# 1941 24" boys Elgin +



## joel.romeo.79 (Sep 18, 2014)

[





I found this Elgin welded to another bike. I have the other bike too. I am already tired of waiting to find the "right parts for it" I put what was left of the other frankenbike I had on it and I am going to roll with it. You guys will just have to forgive me for this one. The 26" air cooled wheels are kind of begging me to put this skip tooth crank I found on there. 

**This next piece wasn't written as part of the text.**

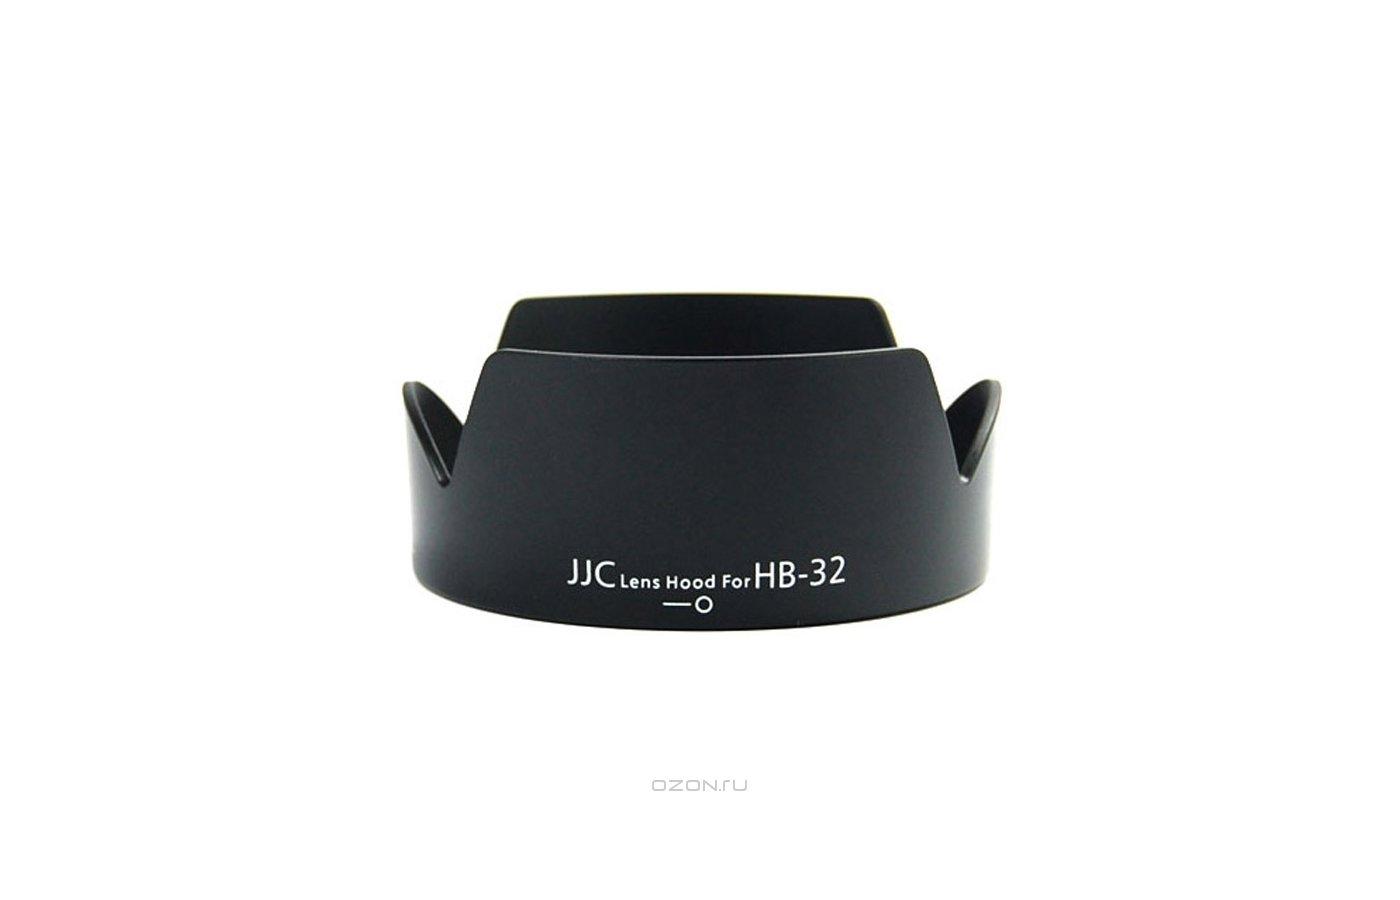 Бленда JJC LH-32 для Nikkor AF-S DX 18-105/3.5-5.6G ED VR

If I use the bearing off the other chopped up bike I bought do I get credit for saving six bikes from rusting into powder behind a barn under a refrigerator and three disassembled tractors. Wait it was seven. I have no idea where this little crank came from 
I managed to pull my two favorites now out of complete disasters. Maybe it's nine if I don't put a matching Davis on the back wheel, and who knew 26" inch tires fit so well in a 24" frame ?






It wasn't me I swear.


----------



## joel.romeo.79 (Sep 18, 2014)

I am just borrowing the Cleveland fork off a house paint project until I find a better one. 


It wasn't me I swear.


----------



## joel.romeo.79 (Sep 18, 2014)

Why do I apologize to my bikes for having parts missing I will never find and taking them home and fixing them anyway


It wasn't me I swear.


----------



## bricycle (Sep 18, 2014)

Nice work!


----------



## joel.romeo.79 (Sep 18, 2014)

I just realized I have all these parts in 26" but the horn. I am soaking a diamond roller chain in oil right now. The Allstates are in my chair in the office and I think this frame has been collecting itself. These things trickled in when I bought other bikes. Including the frame actually. 


It wasn't me I swear.


----------



## carlitos60 (Sep 19, 2014)

*Great Job!!*

You are Doing Great in the Resto Process!!!!
ELGINS are the Best Balloon Bikes!

Keep Showing the Progress!


----------